JAKARTA – Partai Amanat Nasional (PAN) menegaskan komitmennya untuk selalu mendengarkan dan merespons setiap aspirasi masyarakat. Hal ini disampaikan oleh Wakil Ketua Umum PAN, Eddy Soeparno, menanggapi maraknya tuntutan 17+8 yang mengemuka di berbagai platform media sosial.
Menurut Eddy, setiap suara dari rakyat, termasuk poin-poin krusial dalam tuntutan 17+8, adalah masukan berharga yang berfungsi sebagai bahan evaluasi konstruktif bagi seluruh partai politik. “Kami di Partai Amanat Nasional senantiasa berbenah diri, membuka telinga lebar-lebar untuk mendengarkan masukan dari masyarakat, dan tentu saja agenda 17+8 menjadi salah satu fokus utama,” ujar Eddy dalam keterangannya, Kamis (4/9).
Masukan dari tuntutan 17+8 ini, lanjut Eddy, juga menjadi landasan penting bagi PAN dalam merumuskan strategi pembenahan kader-kader partai ke depan. Tidak hanya itu, sebagai salah satu Pimpinan MPR yang mendapat amanah dari Ketua Umum, Eddy juga menekankan relevansi tuntutan tersebut dalam menjalankan tugas kenegaraan. Ini sejalan dengan respons dari politikus lain seperti Rieke Diah Pitaloka dari PDIP, yang tidak hanya menerima tuntutan 17+8 tetapi juga menambahkan poin mengenai penurunan harga bahan pokok.

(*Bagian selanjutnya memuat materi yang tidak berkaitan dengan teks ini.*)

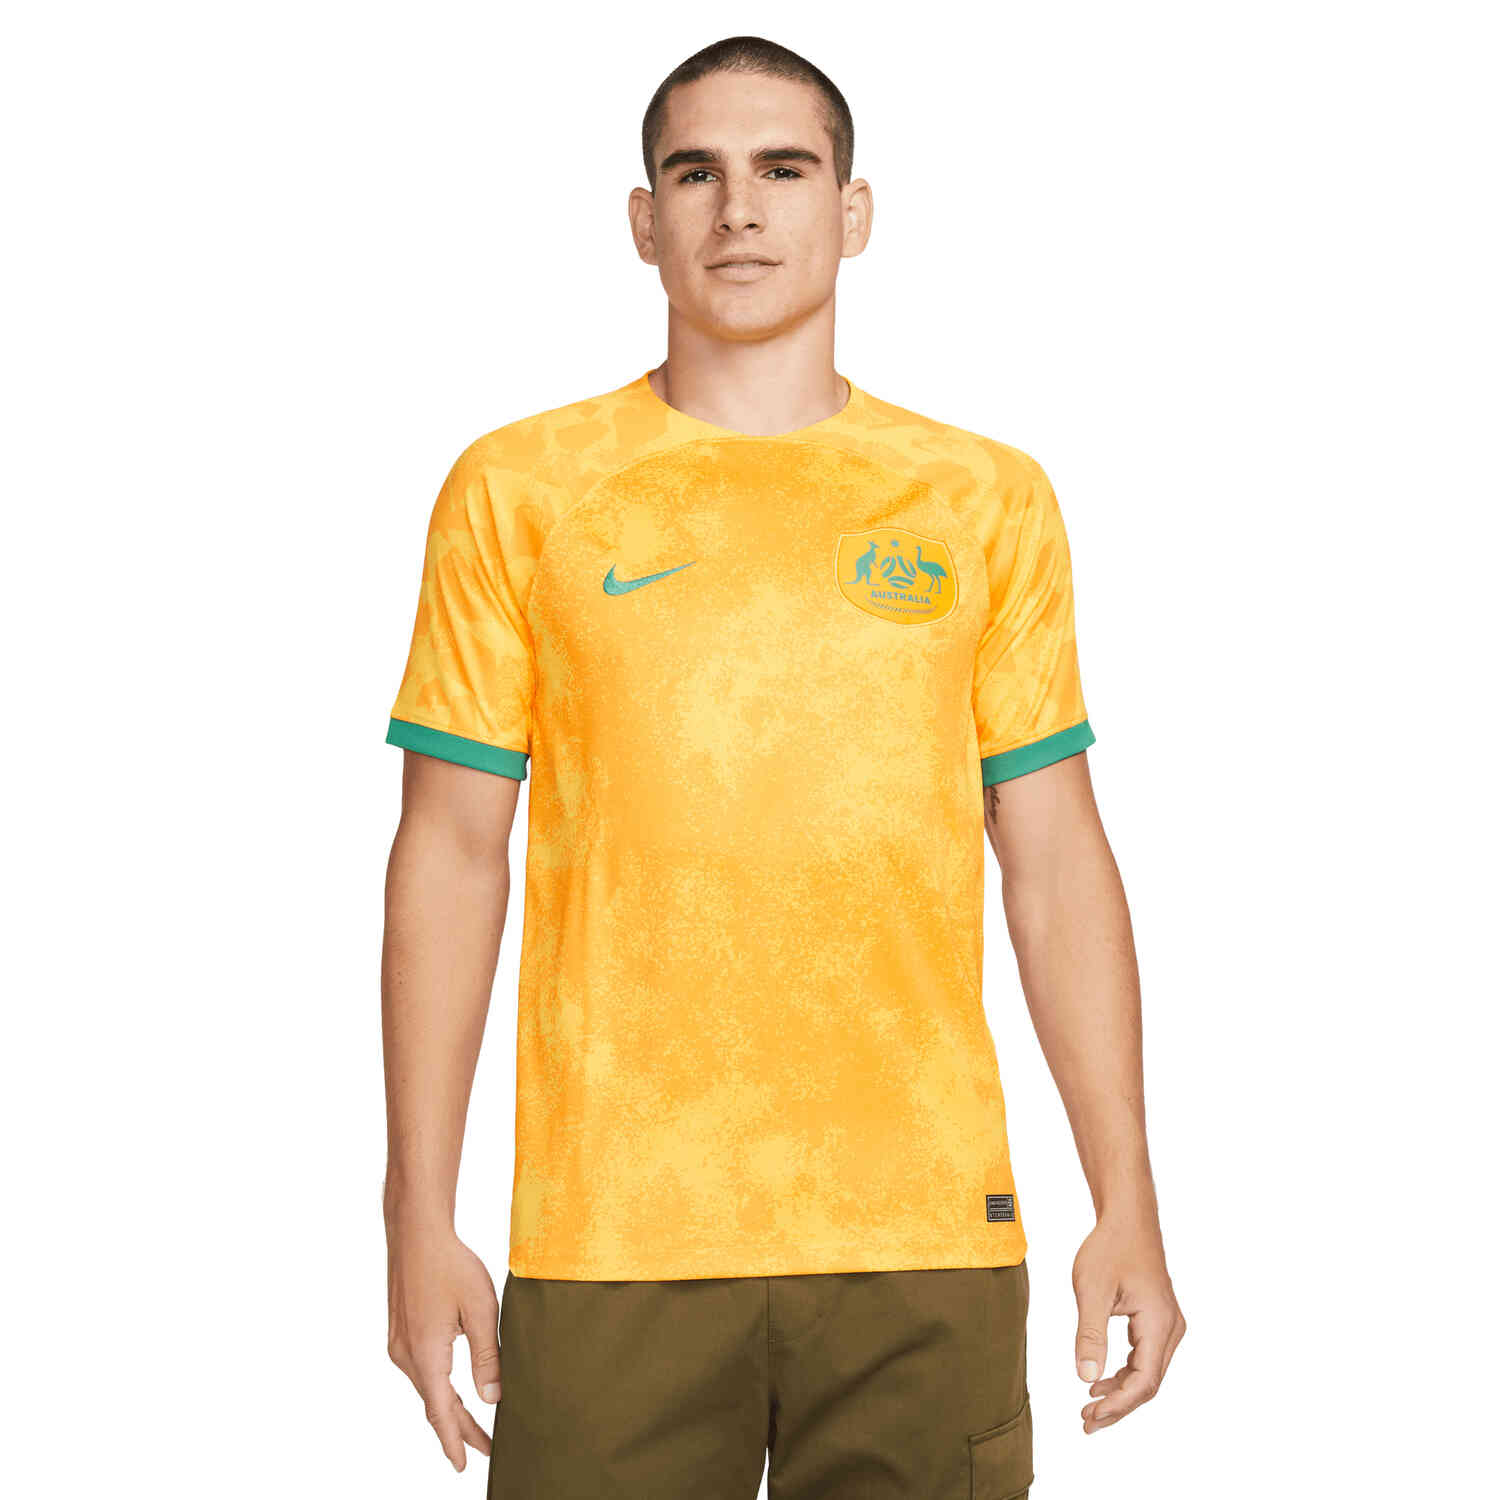 2022 Nike Brazil Home Jersey - SoccerPro

Doktor Ilmu Politik lulusan UI ini menambahkan bahwa PAN juga intensif menerima berbagai masukan dari spektrum yang luas, mulai dari konstituen di daerah pemilihan hingga berbagai Organisasi Masyarakat (Ormas) Keagamaan yang aktif menyuarakan aspirasi masyarakat. Bahkan, Ketua Umum PAN, Zulkifli Hasan, secara langsung telah bertemu dengan Ketua Umum Muhammadiyah, Profesor Haedar Nashir, dan mendapatkan beragam masukan berharga yang akan diimplementasikan sebagai bagian dari agenda besar pembenahan partai.

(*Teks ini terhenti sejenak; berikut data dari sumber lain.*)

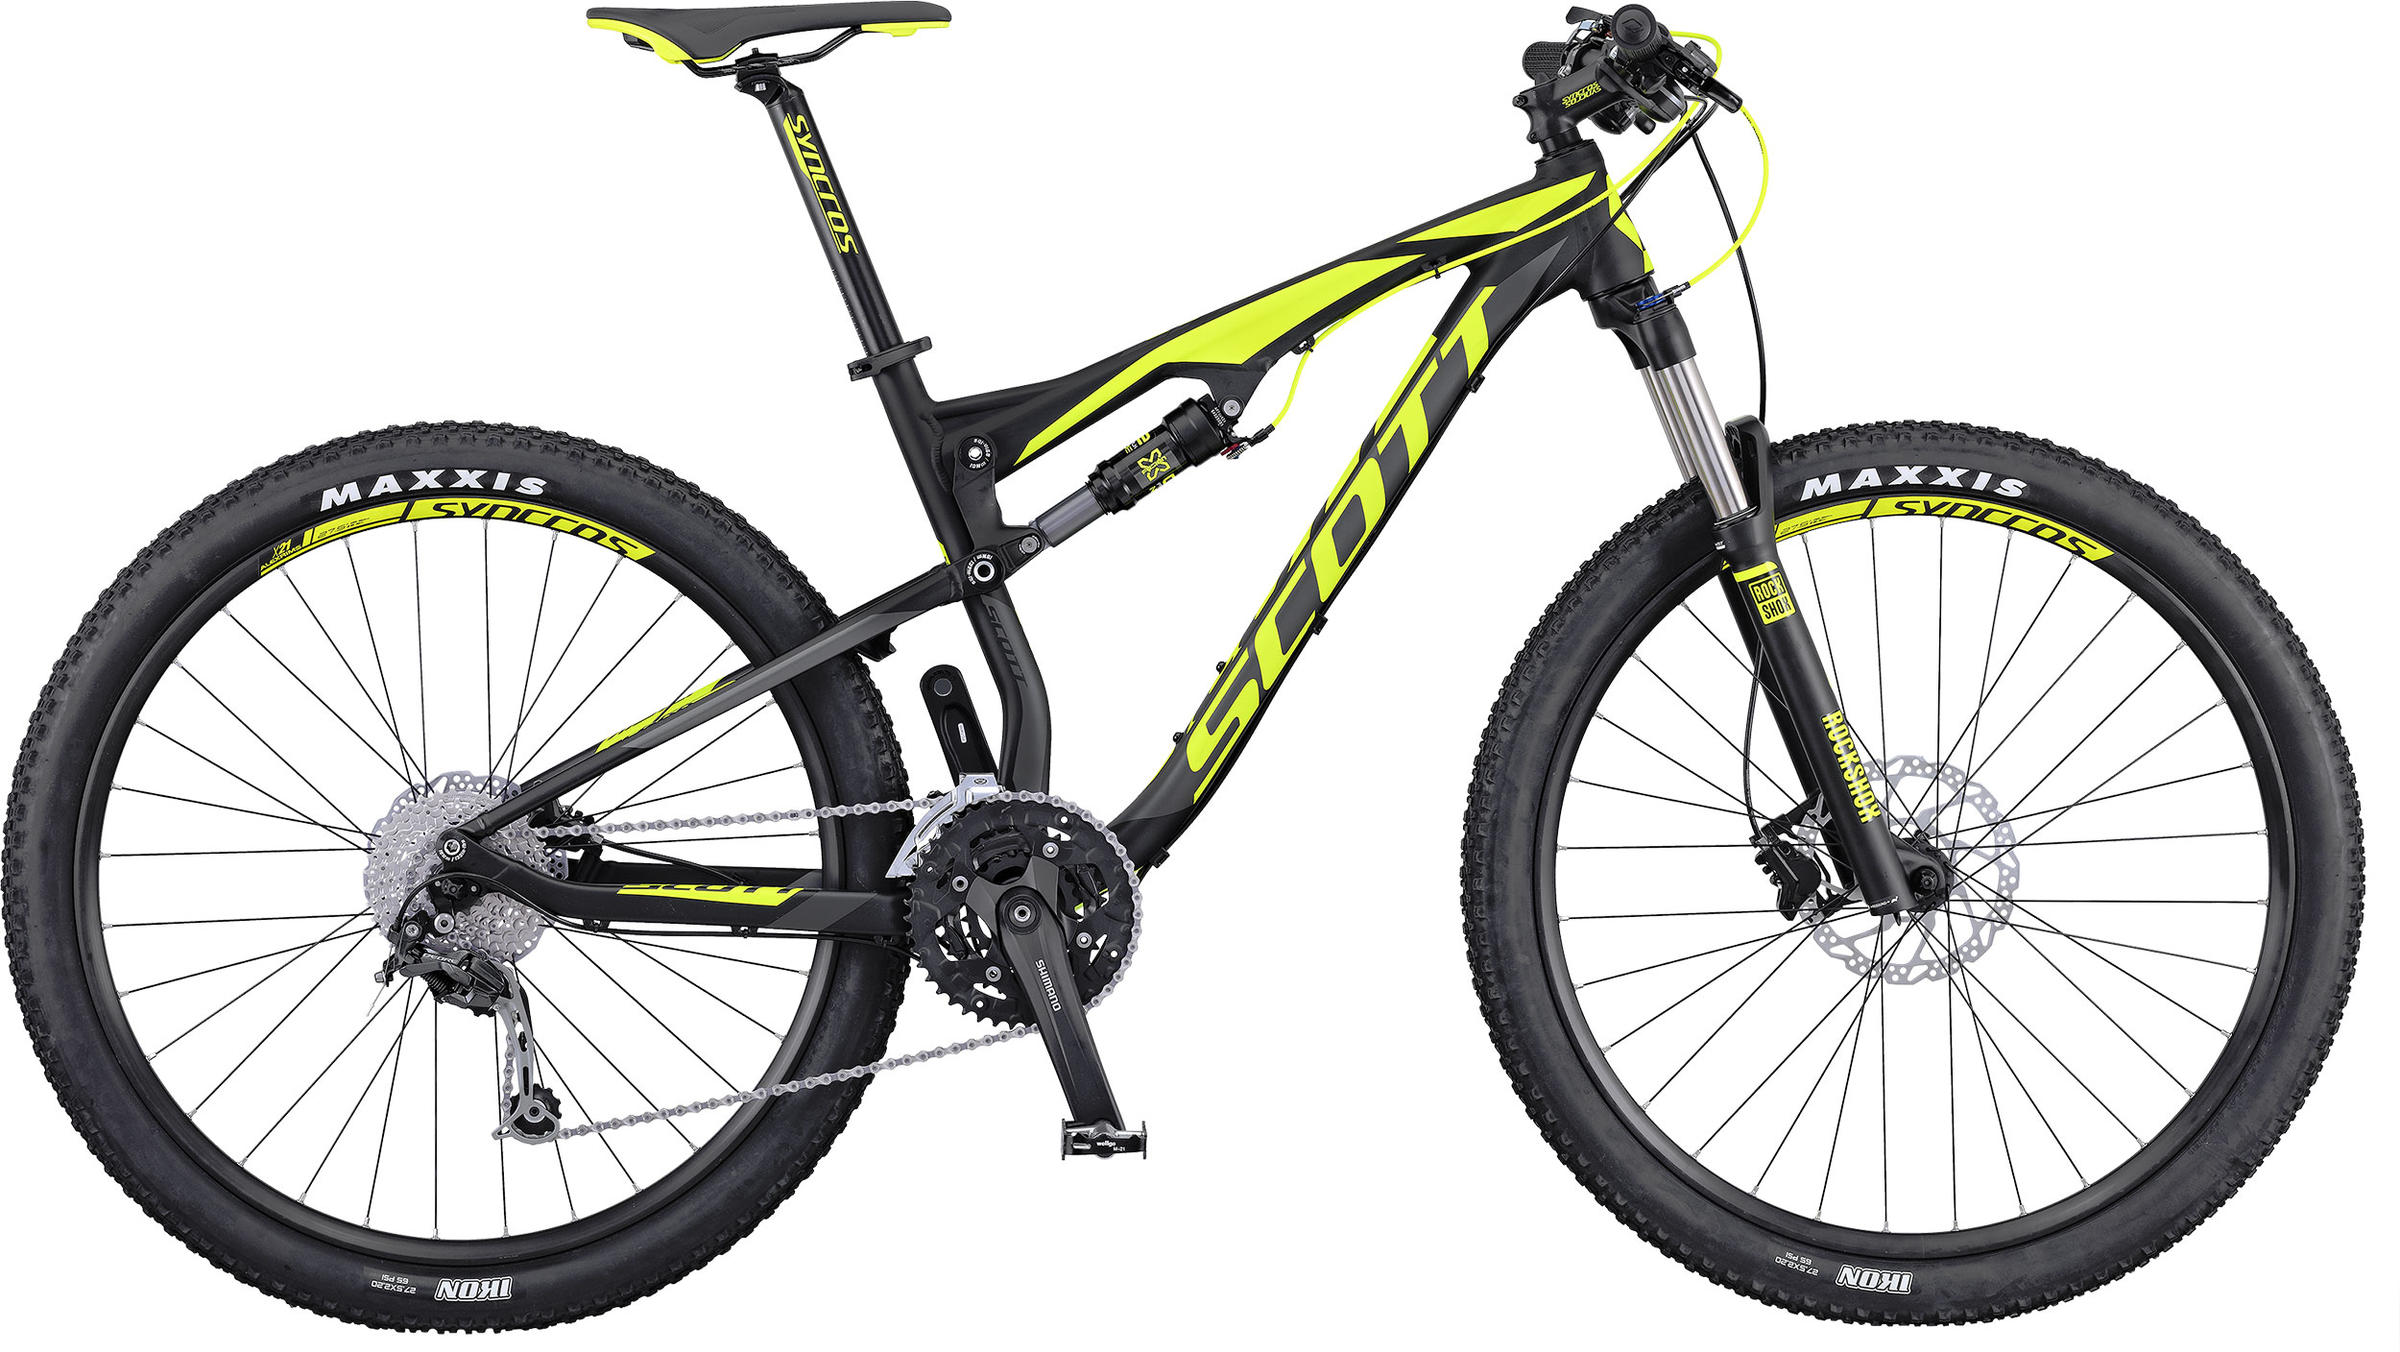 2016 Scott Spark 960 - Bicycle Details

Sebagai Pimpinan MPR, Eddy Soeparno menekankan komitmennya untuk terus membangun dialog dan diskusi yang konstruktif dengan berbagai elemen bangsa, terutama dalam merespons isu-isu penting seperti tuntutan 17+8 yang salah satunya digagas oleh Jerome Polin dan sederet figur publik lainnya. Bukti nyata dari komitmen ini adalah program “MPR Goes to Campus” yang telah menjangkau 31 universitas di seluruh Indonesia. Program ini telah melibatkan ribuan mahasiswa, dosen, dan guru besar, membuka ruang diskusi seluas-luasnya bagi civitas akademika untuk menyampaikan masukan, evaluasi, bahkan kritik terhadap kinerja lembaga negara dan partai politik.
“Ini adalah bukti konkret bahwa ruang dialog selalu terbuka lebar. Kami meyakini, penyampaian aspirasi dan suara rakyat dapat dilakukan dengan berbagai cara, asalkan selalu menjunjung tinggi prinsip tanpa kekerasan dan tidak merusak fasilitas umum,” tegas Eddy. Pernyataan ini sekaligus menggarisbawahi semangat di balik kedatangan para influencer dan musisi ke DPR, yang membawa 17+8 tuntutan rakyat, menandakan adanya saluran yang sah untuk menyuarakan perubahan.
Ringkasan
Partai Amanat Nasional (PAN) menyatakan komitmennya untuk mendengarkan aspirasi masyarakat, termasuk tuntutan 17+8 yang sedang ramai. Wakil Ketua Umum PAN, Eddy Soeparno, menegaskan bahwa masukan dari masyarakat, termasuk poin-poin dalam tuntutan tersebut, akan menjadi bahan evaluasi konstruktif bagi partai.
PAN menjadikan tuntutan 17+8 sebagai landasan dalam merumuskan strategi pembenahan kader dan menerima masukan dari berbagai pihak, termasuk konstituen, Ormas keagamaan, dan melalui program “MPR Goes to Campus”. Eddy Soeparno menekankan pentingnya dialog konstruktif dan penyampaian aspirasi tanpa kekerasan.